» **MATERIAL PROVIDED**
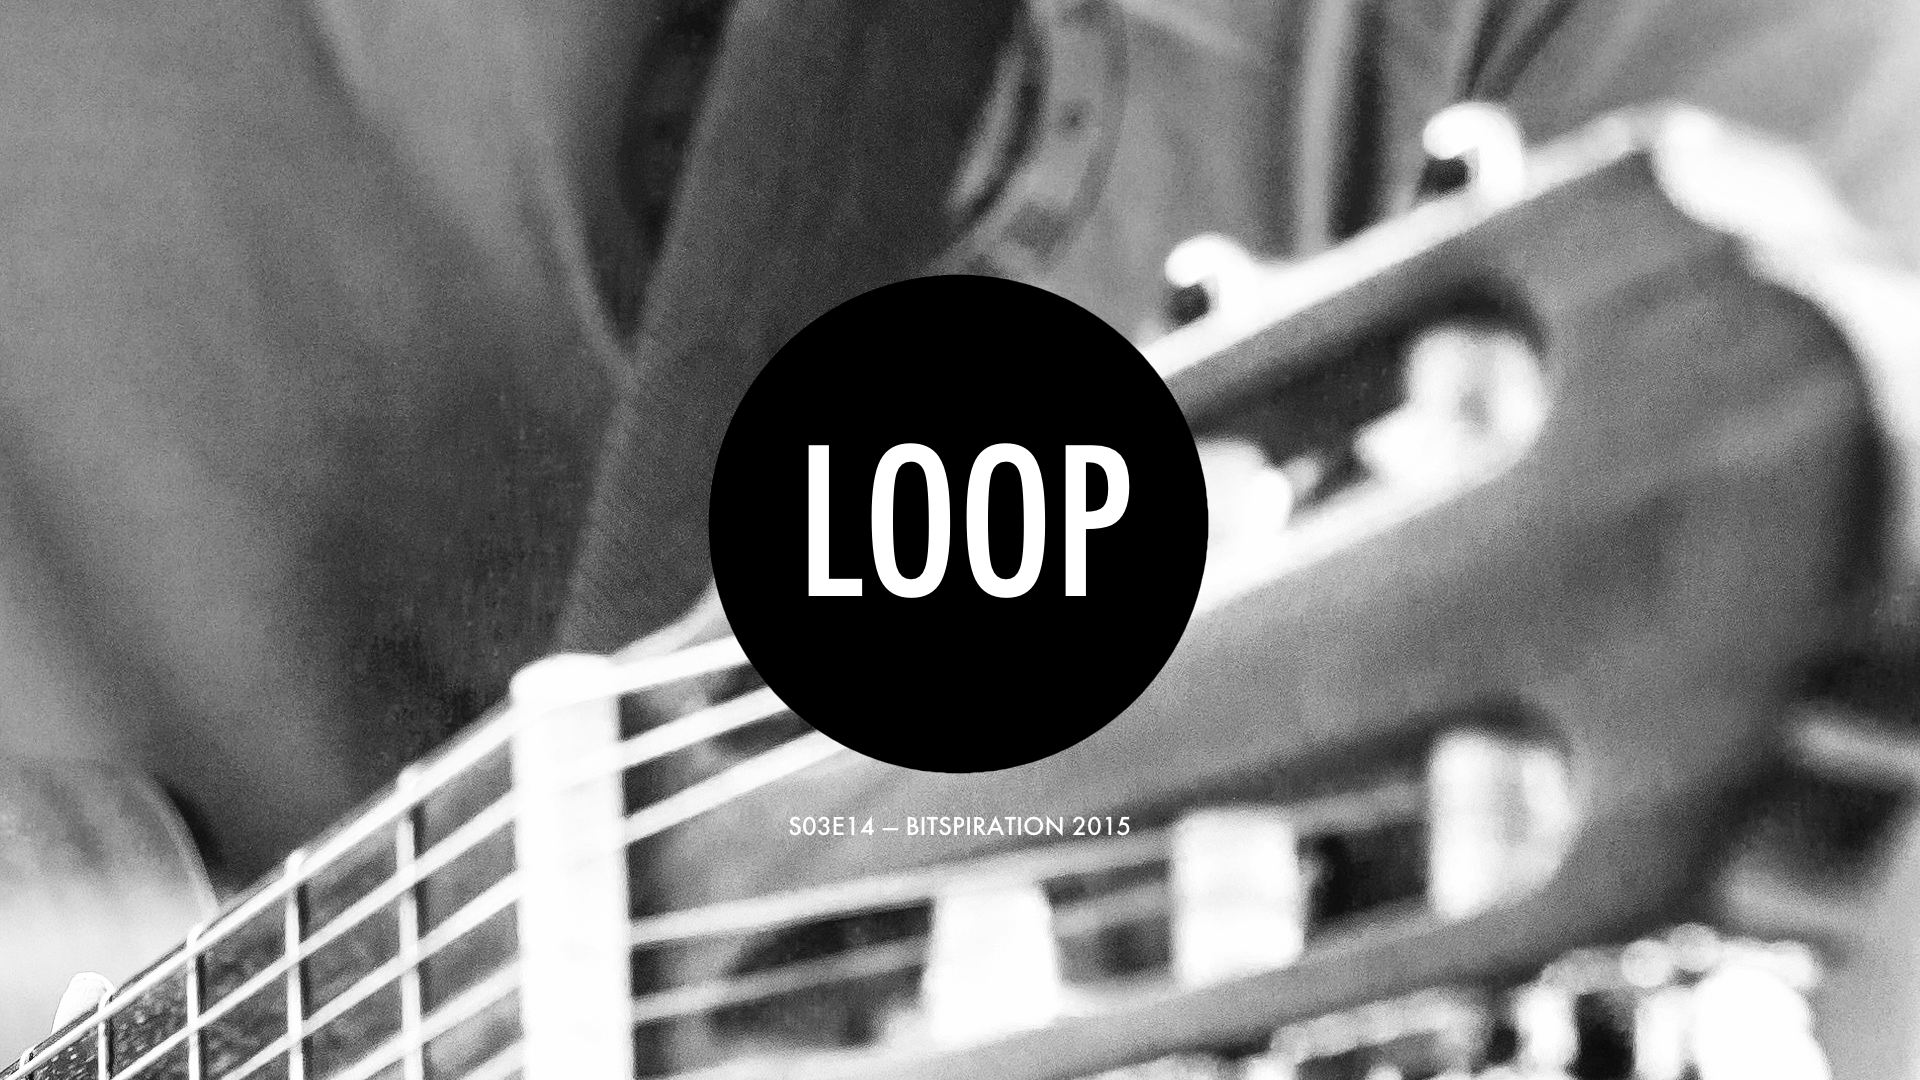 S03E14 Bitspiration 2015 — The Digital Loop
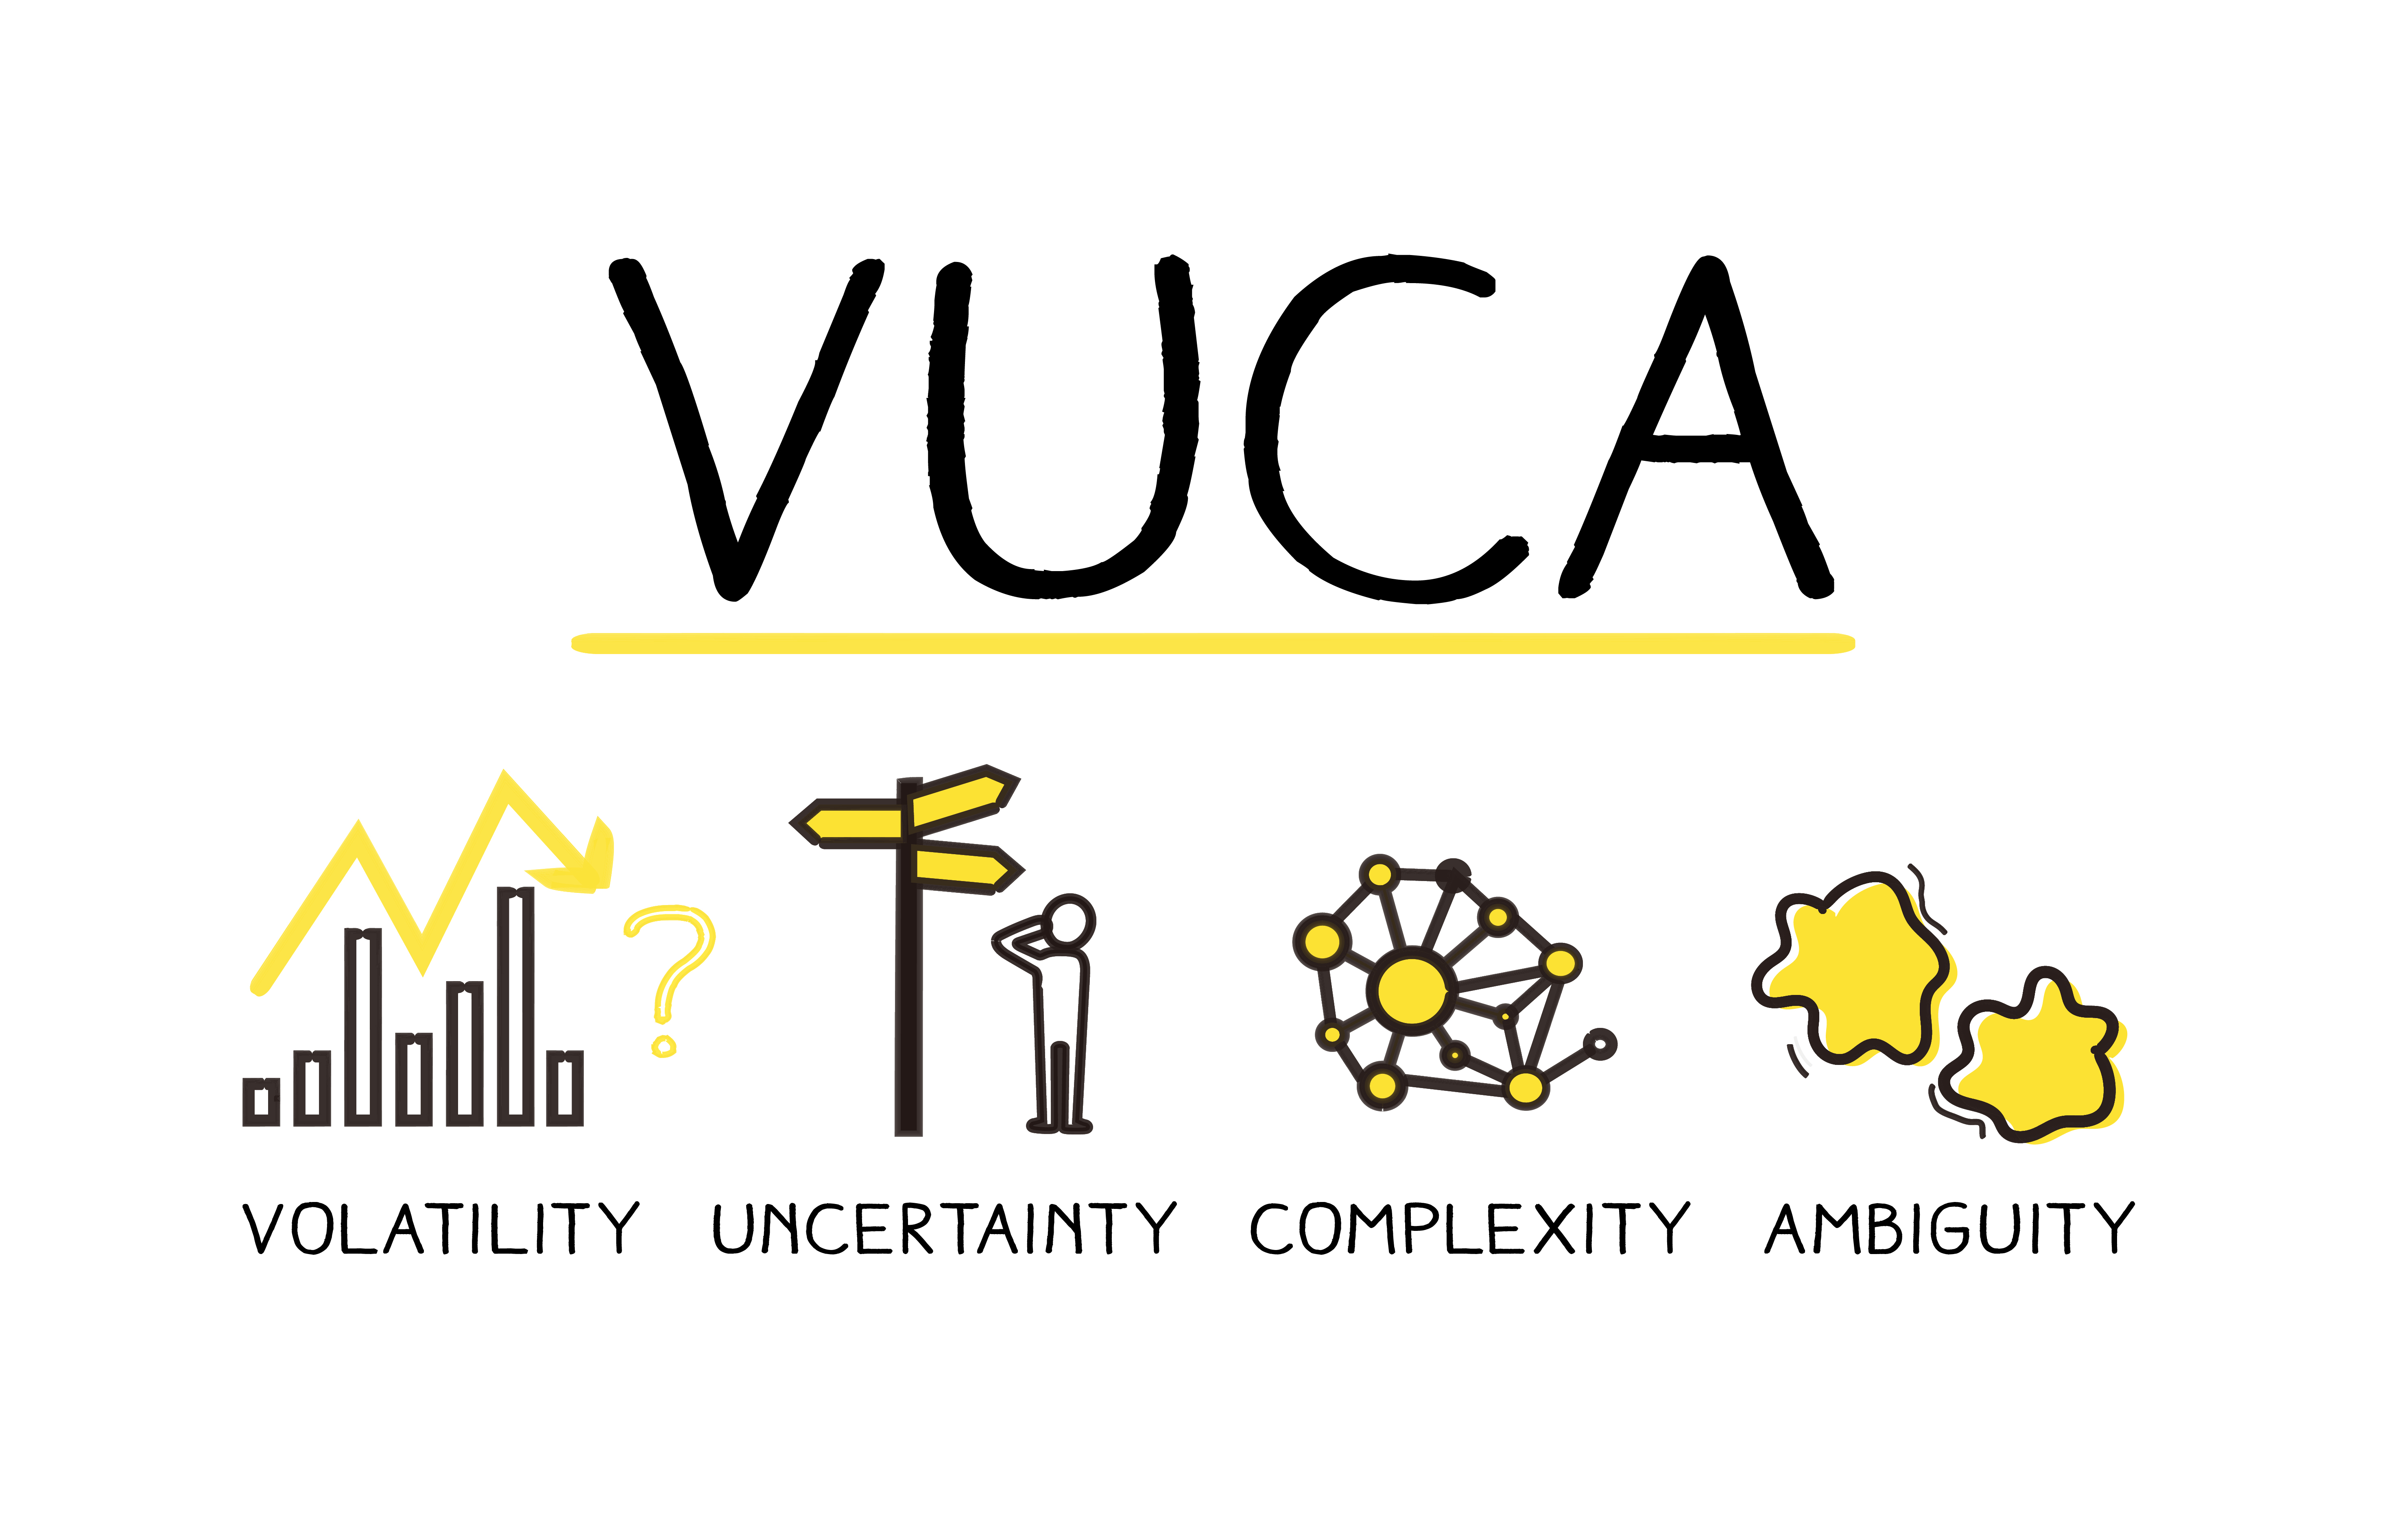 Vuca acronym: volatility, uncertainty, complexity, ambiguity
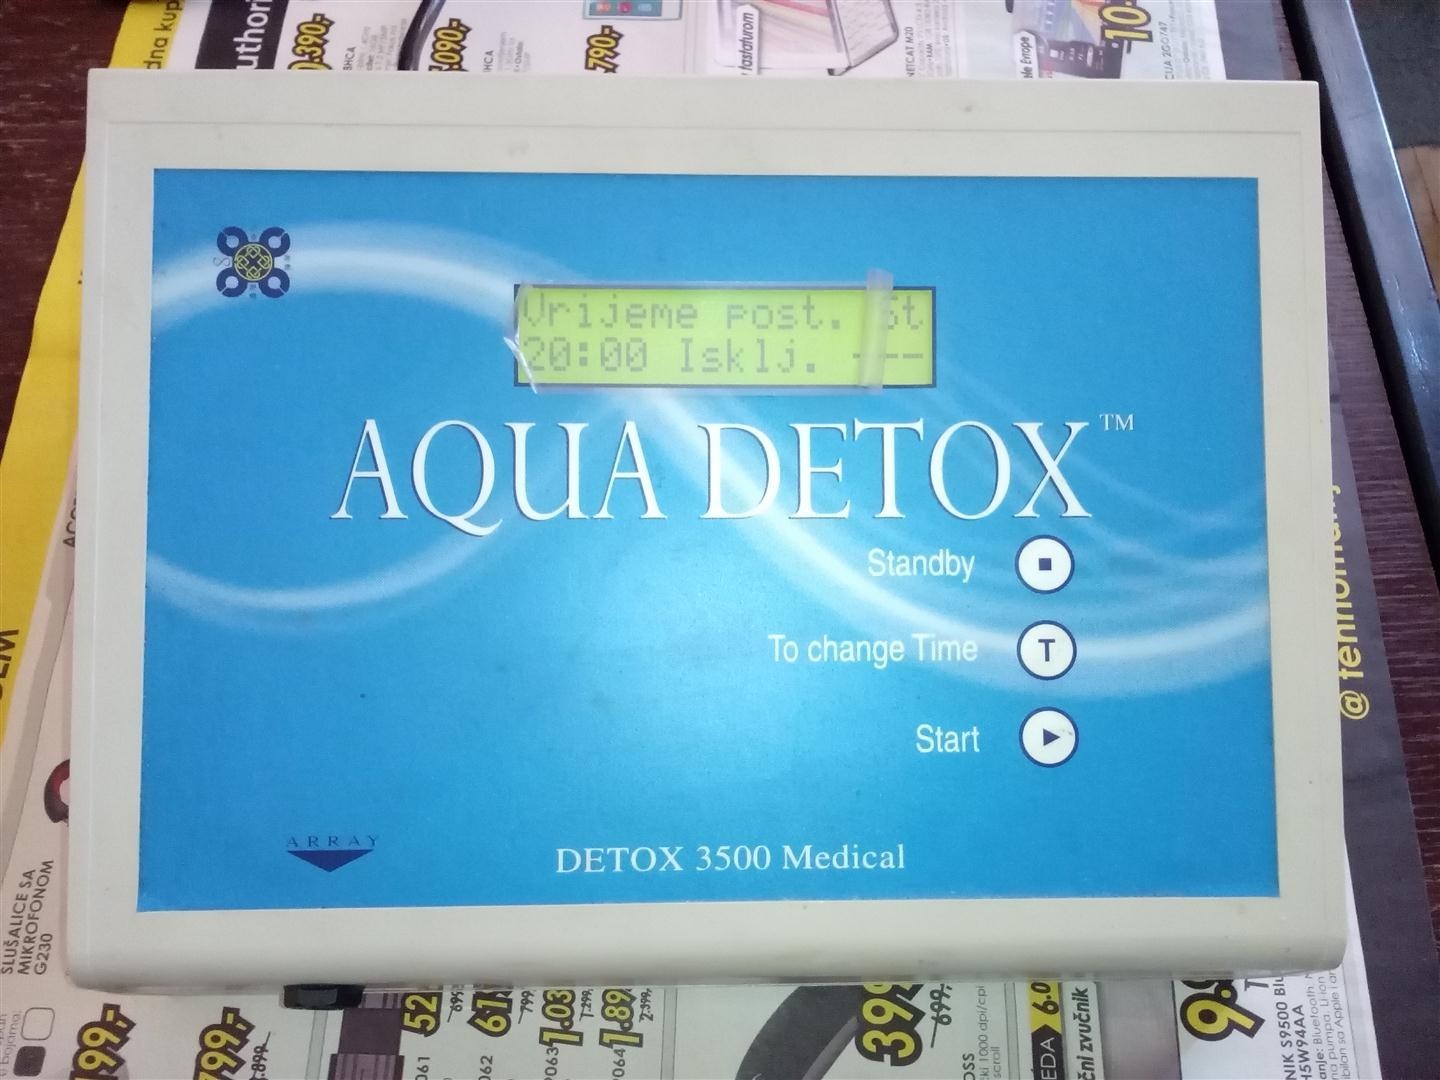 aqua detox kadica prodaja)
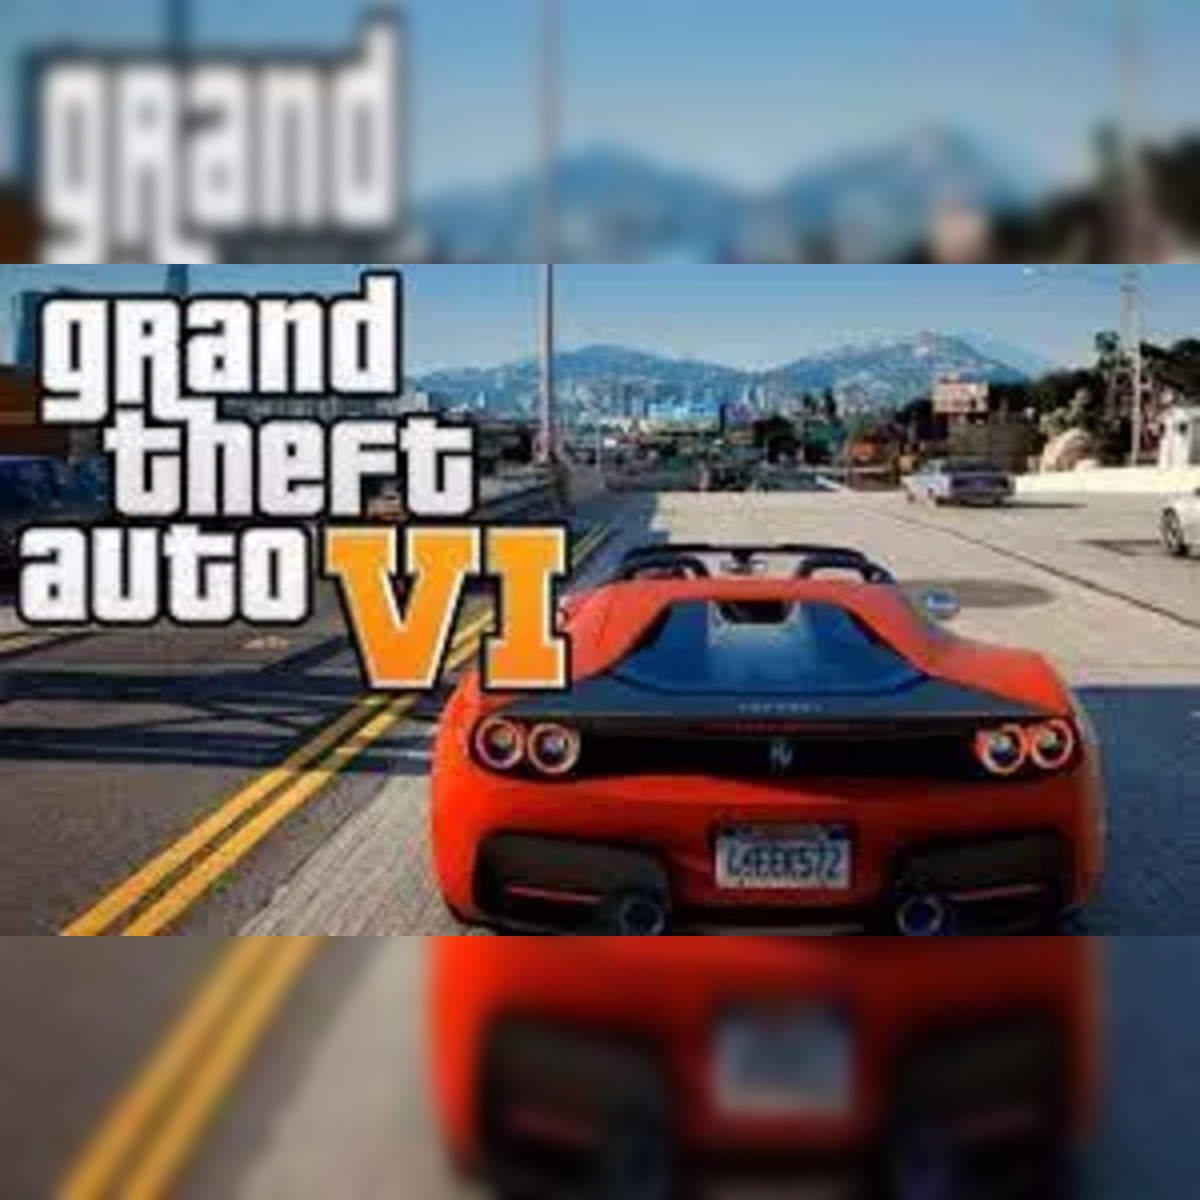 gta 6 release date: GTA 6, Grand Theft Auto 6 trailer, release

» **TASK DETAILS**
With pictures omitted, reproduce exactly the lines from the line containing "aqua detox kadica prodaja)" through the end of the data above.

» **ANSWER FOR THE TASK**
 aqua detox kadica prodaja)
 gta 6 release date: GTA 6, Grand Theft Auto 6 trailer, release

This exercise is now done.